Ed McMahon and I first met when I was featured on the Johnny Carson Show after I won Miss Chinatown USA. I was dressed in a qi pao or cheongsam, which is a Mandarin gown, which after the Shanghainese got their hands on it, became a body-hugging number with high slits and high tight mandarin collar. You can't eat, sit or talk in it. If you do sit, the two super high side slits creep all the way up your thighs and settle at your hips. To make the gown look right, you must stand erect with shoulders and chest out. Men were undoubtedly behind the design of this "traditional" Chinese gown.

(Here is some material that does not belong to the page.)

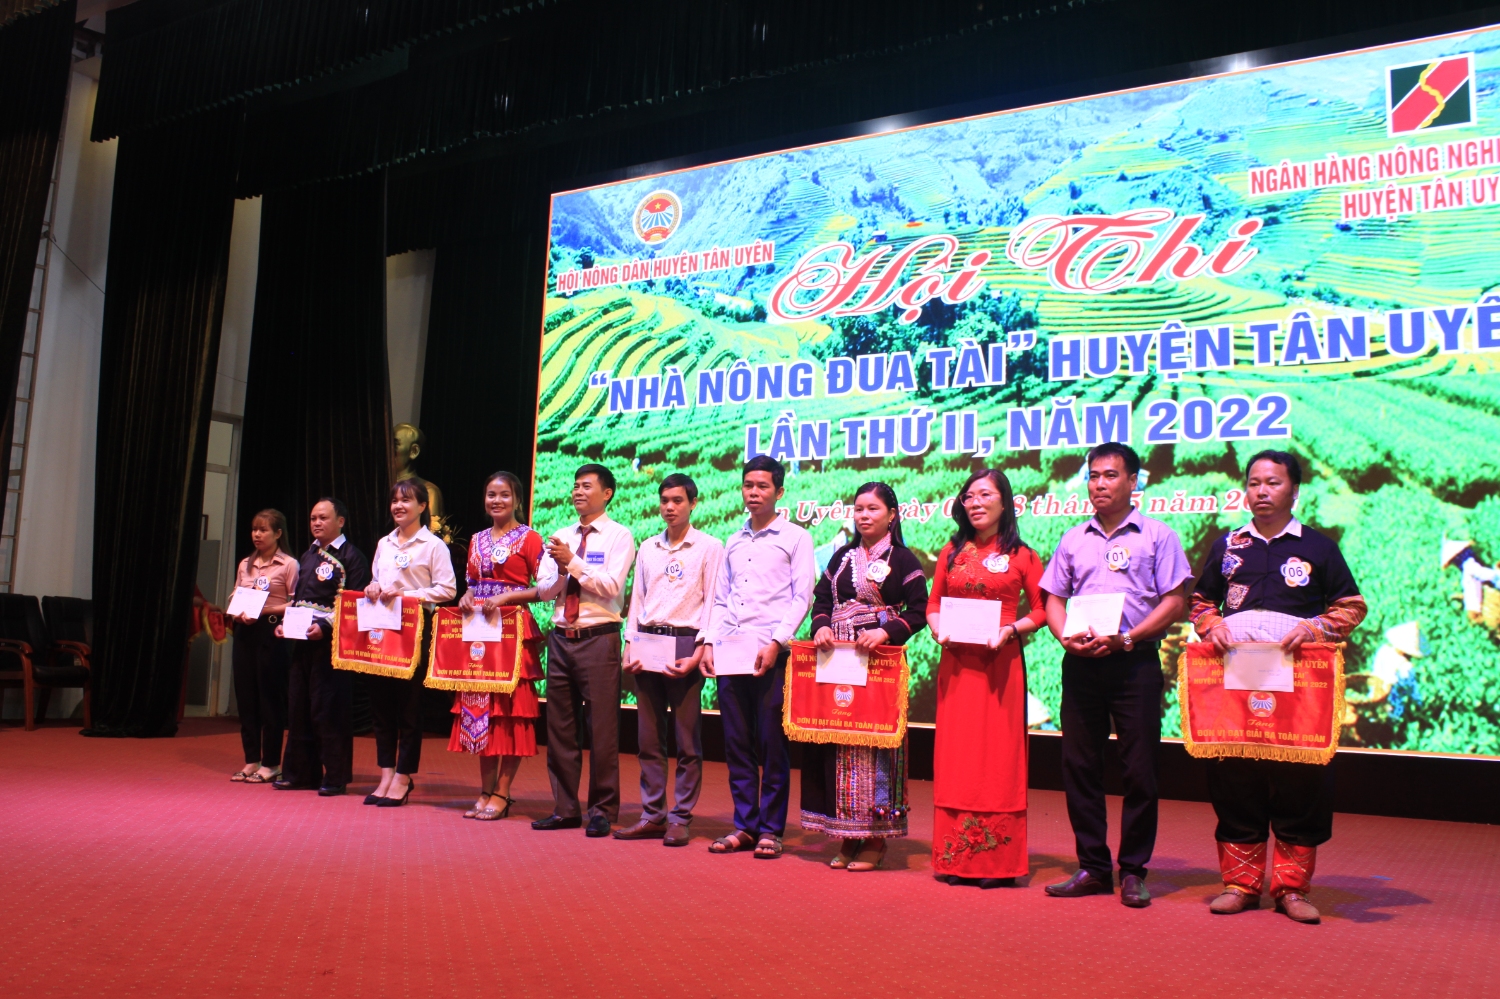 Đồng chí Đỗ Đình Cường - Chủ tịch Hội Nông dân huyện Tân Uyên trao giải cho các đội đạt thành tích tại Hội thi

The dress I wore for taping at the Burbank studios was a silvery gold number that my mother and I designed and had made in Hong Kong. It didn't turn out exactly as we would have liked. The gold spangled trim looked a bit like a tacky Miami Beach palm tree during a monsoon. Nevertheless, my mother and my first foray into designing a beauty pageant dress would have to be surmounted, with….you guessed it….standing straight with shoulders back and chest out.

When I was introduced and waved to the studio audience, mid-western born Johnny quipped, "We didn't have girls like that where I come from!" Then, Ed made that wonderfully famous chuckle.

Later, I went on to compete as the Spokesmodel contestant for the weekly TV show called "Star Search" where Ed was the Host. As Spokesmodels (this moniker was coined first here), we were allowed to select any gown we wanted to appear on the show. The racks were heavy with the finest, brightest, Vegas-esqe, Vargus-esque selections. There is something to be said for picking a gown that is too, too much. My competition grabbed the heaviest, most expensive and most elaborate beaded dress out of my grasp. I thought I had been had. But when she appeared on stage in it, she looked like a very full Christmas tree. The last dress hanging on the racks was this (relatively!) simple red dress that I ended up wearing when I won as Grand Champion. I called it my "Hyundai" dress. It cost about as much as a car and it also had to be returned.

Ed was generous with his time; he would laugh and talk with me and the other contestants back stage during the 6 weeks of filming Star Search. His wife and baby were beautiful and we all found him to be the sweetest man.  After I won the contest, he gave me a big bear hug and told me how proud he was. Flash forward to the Academy Awards when I saw him two years later, he told me that I was his favorite Spokesmodel. He might have told all the winners that. But he sure knew how to make someone feel special.

He died today at the age of 86 and I will always have the fondest memories of him.